Activity: Copy word for word the lines of the records below, beginning at the one with "Lot 610 - A" and finishing at the one with "Form MTRB VJC-3", ends included, but none of the pictures.

Input for this task:
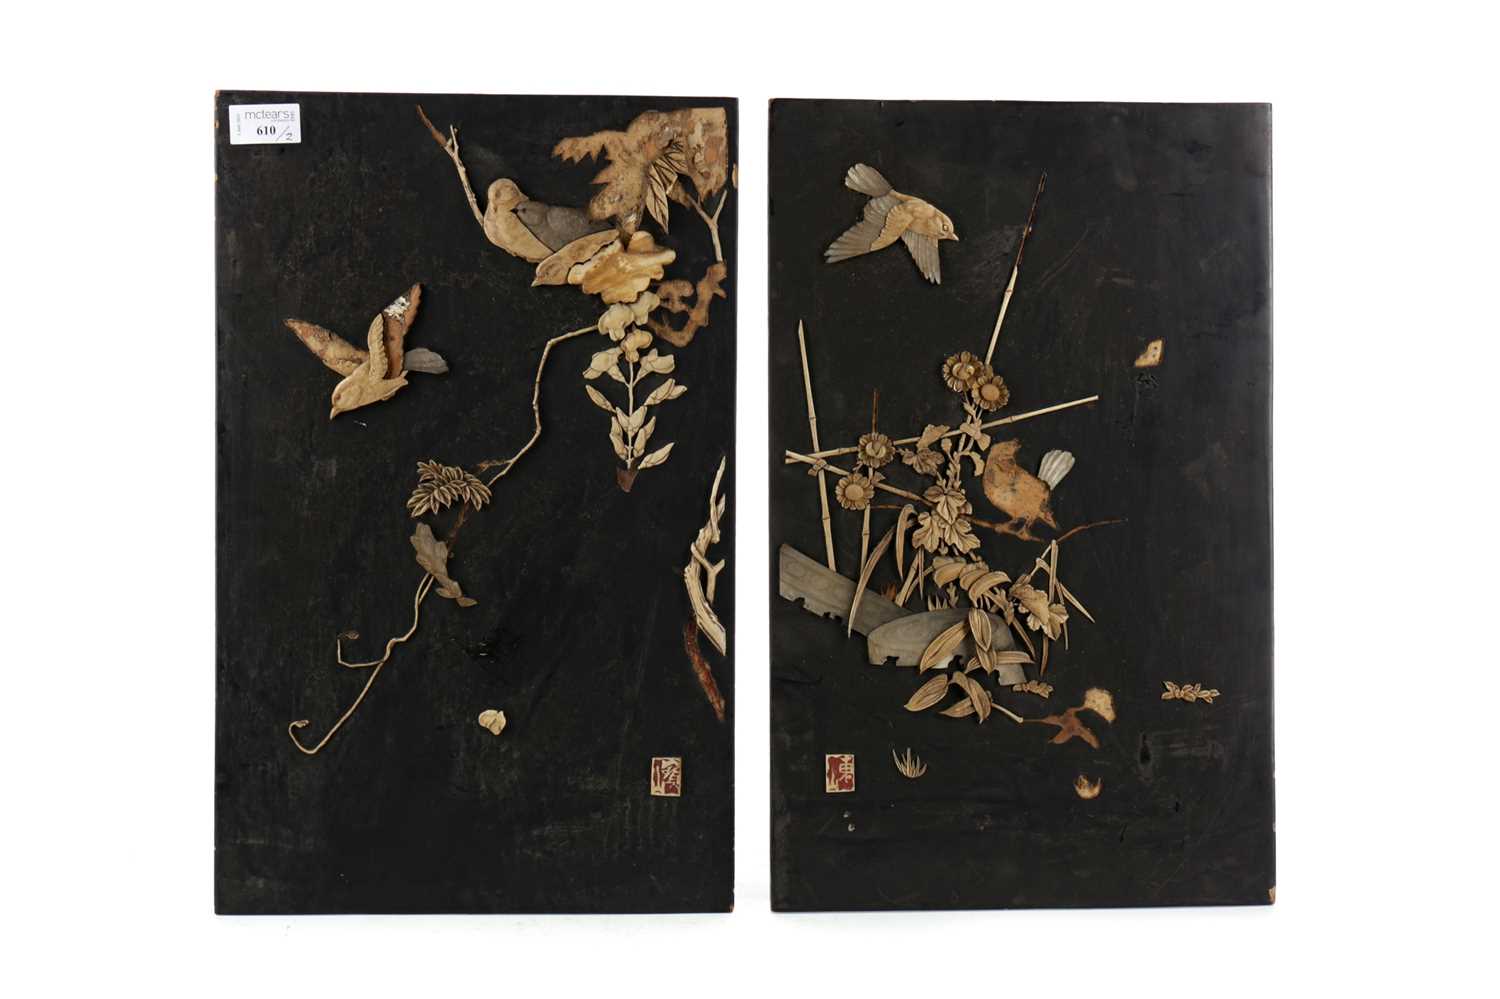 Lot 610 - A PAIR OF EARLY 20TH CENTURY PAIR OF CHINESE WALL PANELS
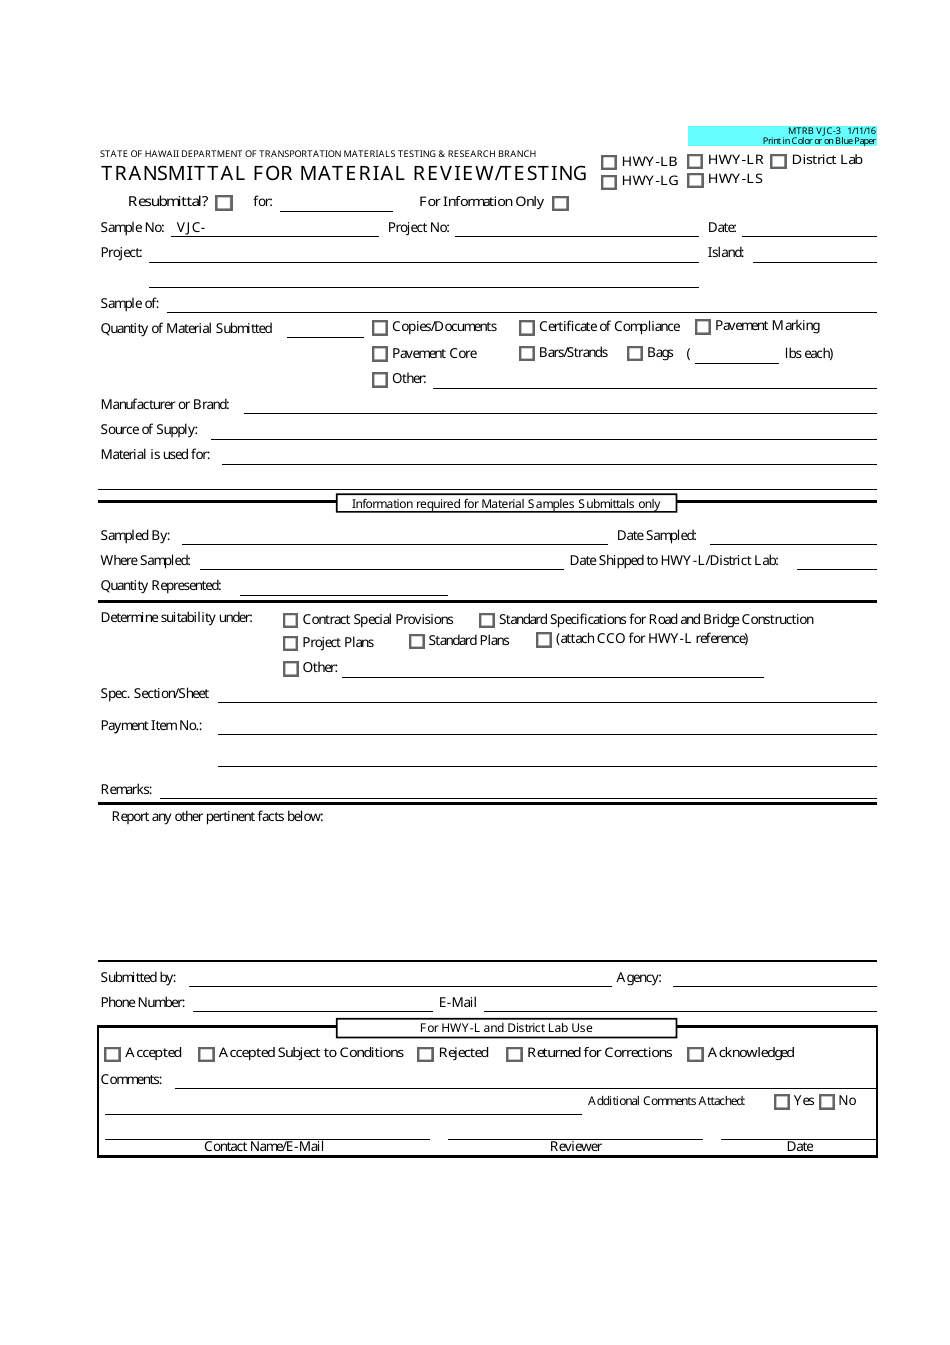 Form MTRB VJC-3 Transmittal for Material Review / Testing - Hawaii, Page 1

* * *

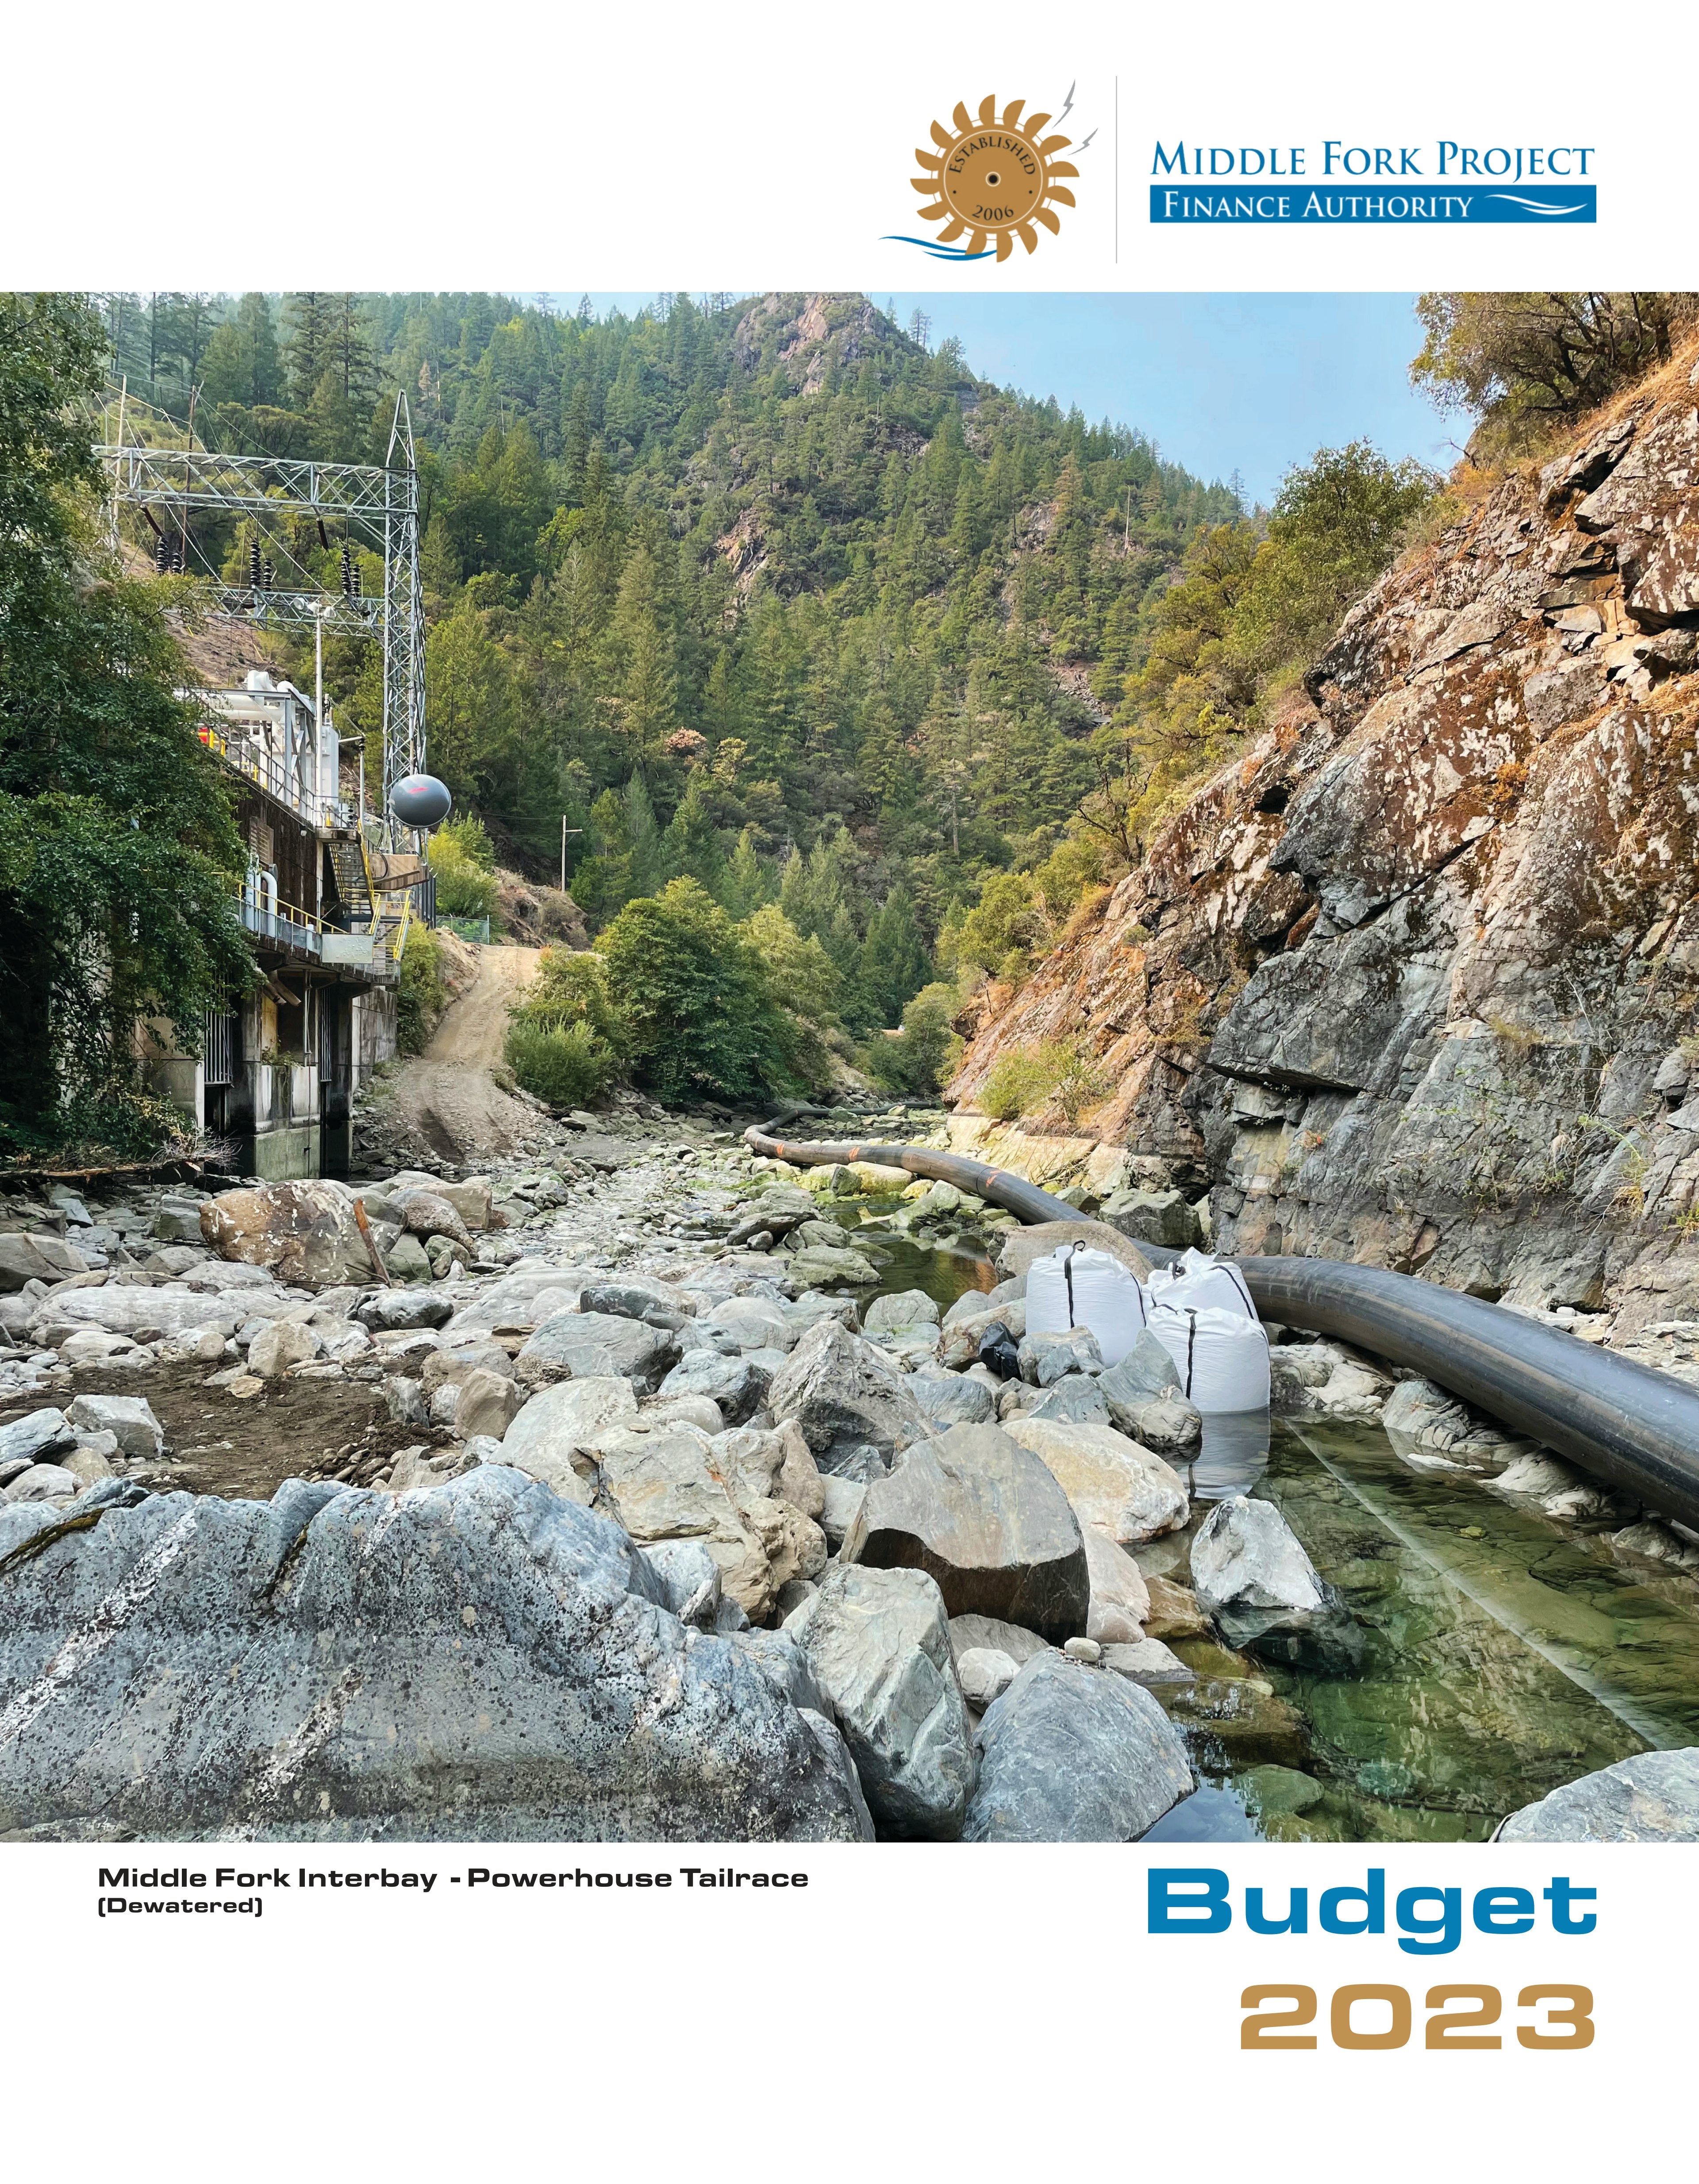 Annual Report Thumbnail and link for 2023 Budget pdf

---

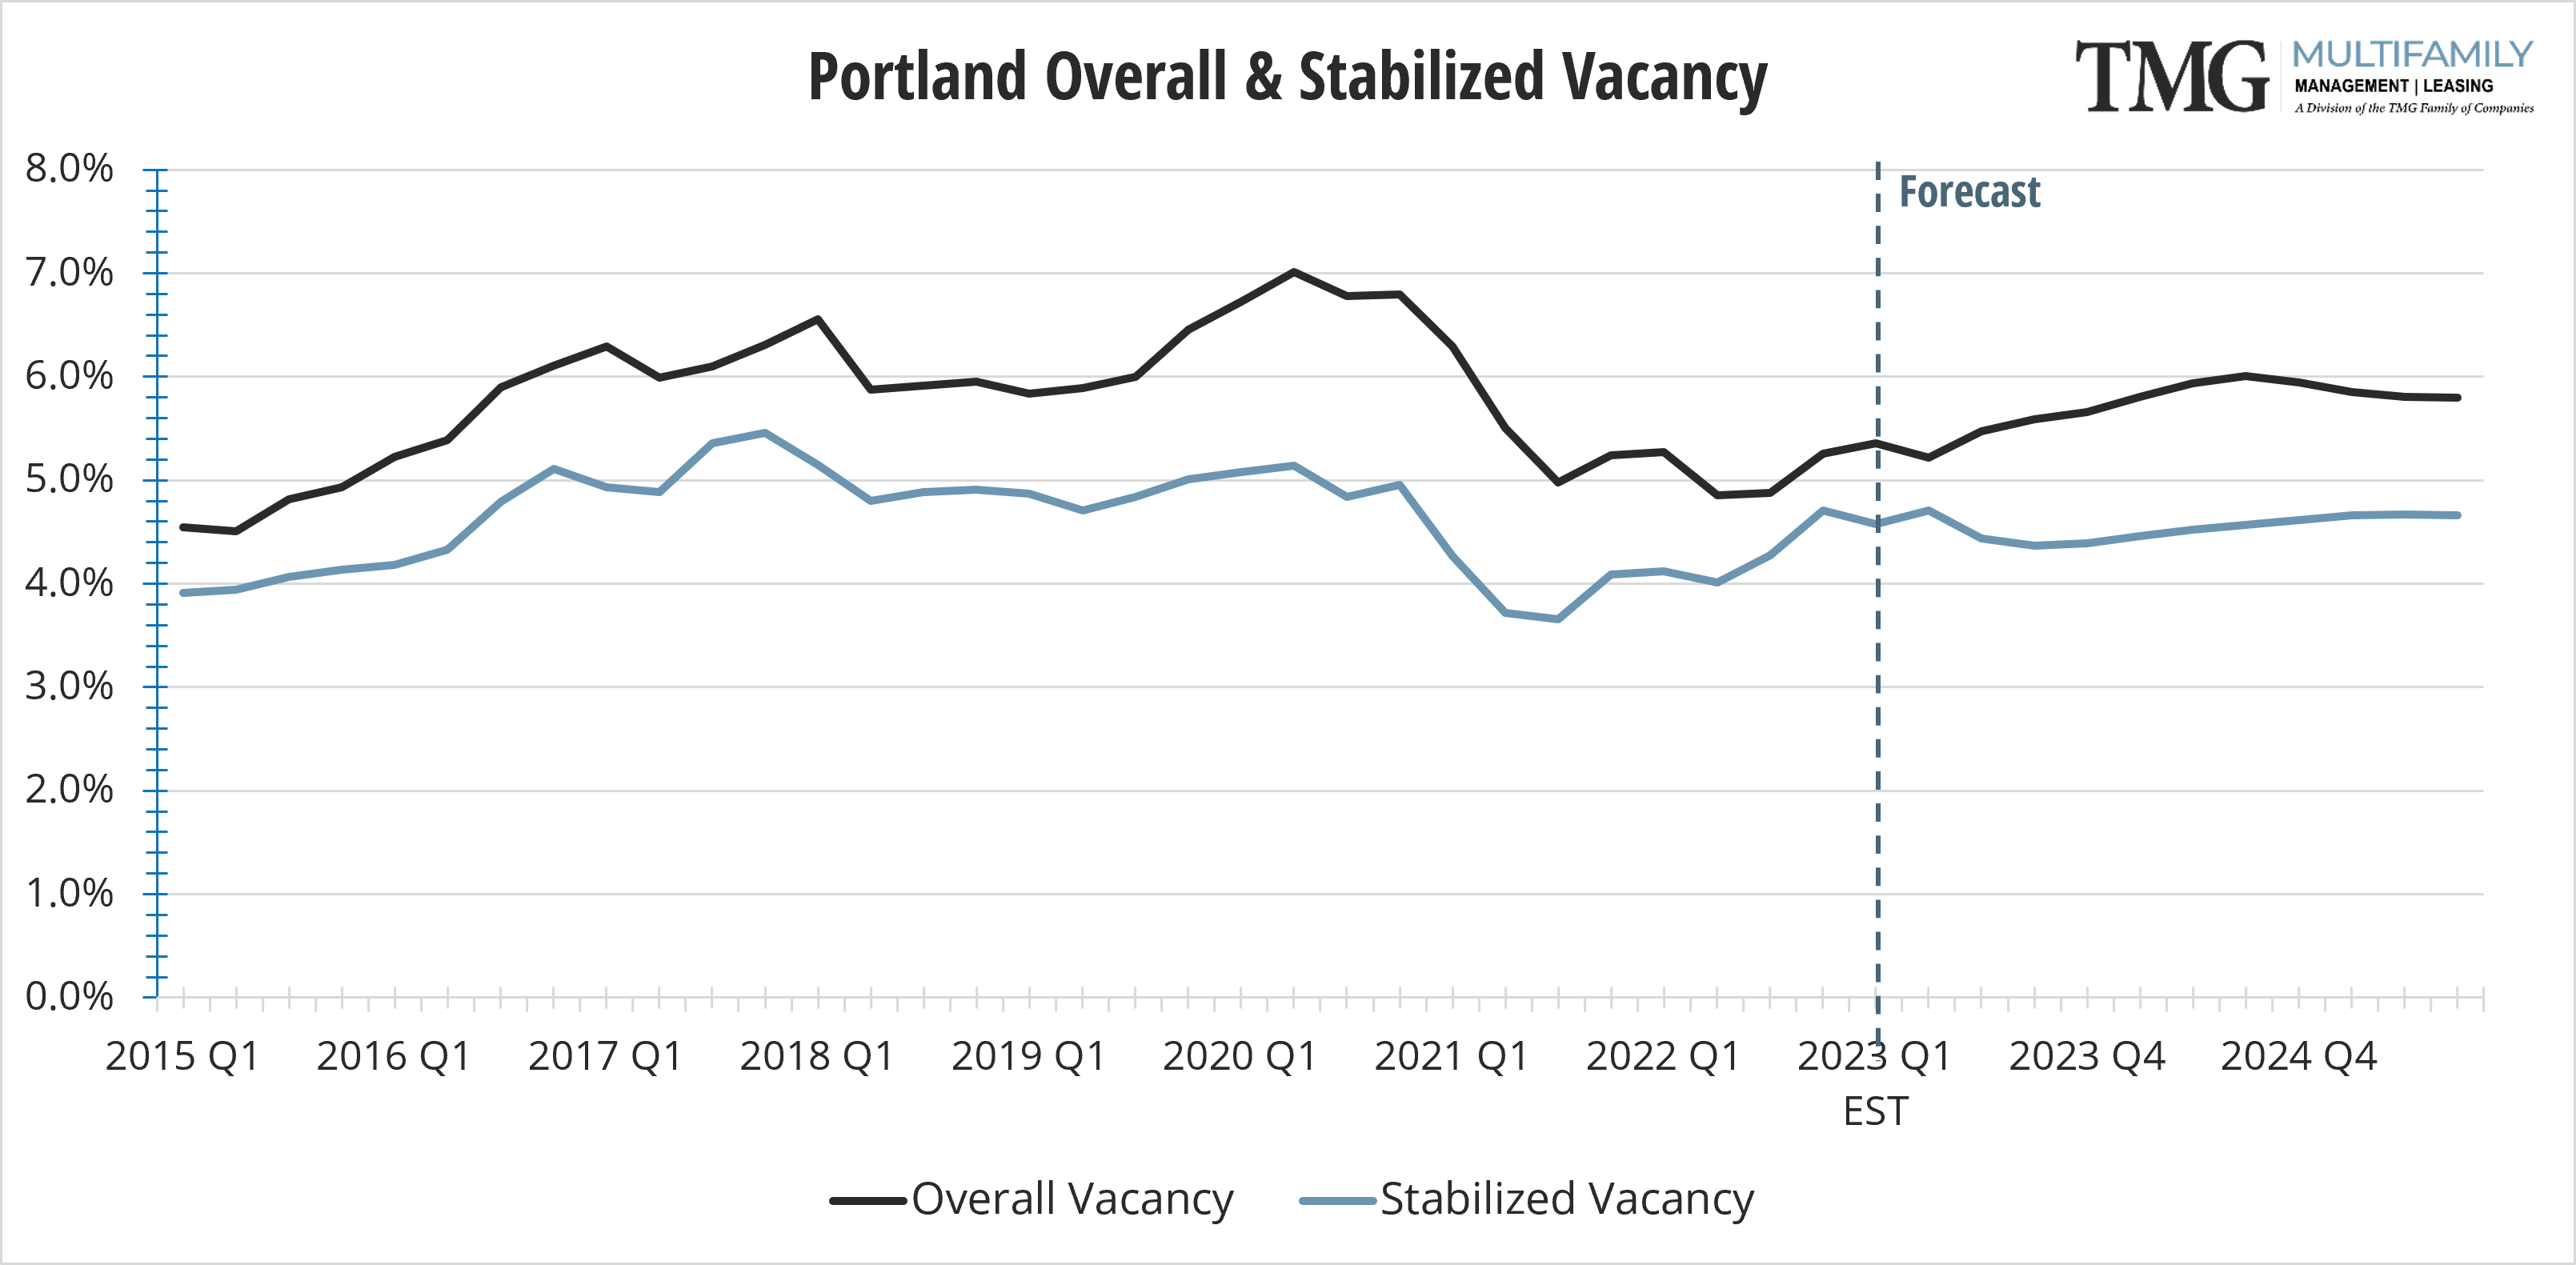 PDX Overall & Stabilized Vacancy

Solution:
 Lot 610 - A PAIR OF EARLY 20TH CENTURY PAIR OF CHINESE WALL PANELS
 Form MTRB VJC-3 Transmittal for Material Review / Testing - Hawaii, Page 1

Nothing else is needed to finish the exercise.